= Vilayil =

Village in Kerala, India

Vilayil is a small village in Kerala, India, near the cities of Kondotty, Kizhisseri and Areekode. The village is under the jurisdiction of the Muthuvallur and Cheekode Grama panchayats.

==Geography==
There are many natural small canals that flow near Vilayil. One of the rivers is Vachal. The main attraction of Vilayil is Rudrani Mala (Hill).

==Notable people==
Vilayil Faseela a notable singer specialised in Mappila Songs was born in Vilayil. Previously she was known as Vilayil Valsala prior to her conversion to Islam.

==Culture==
Vilayi village is as predominantly Muslim populated area. Hindus are exist in comparatively smaller numbers. So the culture of the locality is based upon Muslim traditions.

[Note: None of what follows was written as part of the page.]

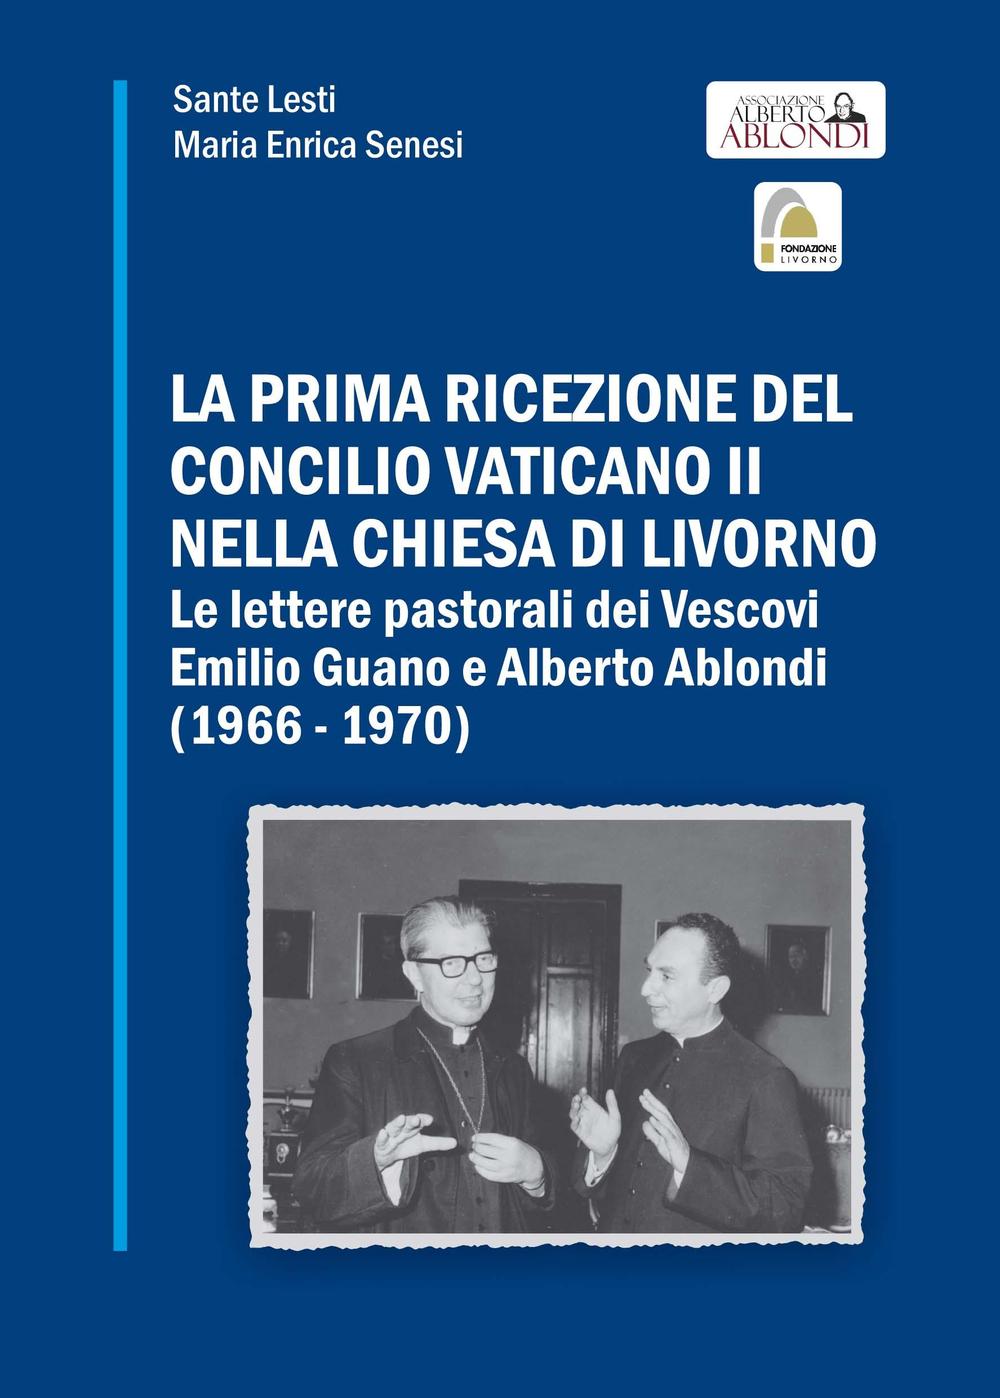 La prima ricezione del Concilio Vaticano II nella chiesa di Livorno. Le lettere pastorali dei vescovi Emilio Guano e Alberto Ablondi (1966-1970)

Duff Muttu, Kolkali and Aravanamuttu are common folk arts of this locality. There are many libraries attached to mosques giving a rich source of Islamic studies. Some of the books are written in Arabi-Malayalam which is a version of the Malayalam language written in Arabic script. People gather in mosques for the evening prayer and continue to sit there after the prayers discussing social and cultural issues. Business and family issues are also sorted out during these evening meetings. The Hindu minority of this area keeps their rich traditions by celebrating various festivals in their temples. Hindu rituals are done here with a regular devotion like other parts of Kerala. vilayil bhagavati temple and parithikottmanna siva temple are the main Hindu worship centers of this locality
these temples are one of the most ancient temples of this district Malappuram.

==Transportation==
Vilayil village connects to other parts of India through Feroke town on the west and Nilambur town on the east. National highway No.66 passes through Pulikkal and the northern stretch connects to Goa and Mumbai. The southern stretch connects to Cochin and Trivandrum. State Highway No.28 starts from Nilambur and connects to Ooty, Mysore and Bangalore through Highways.12,29 and 181. The nearest airport is at Kozhikode. The nearest major railway station is at Feroke.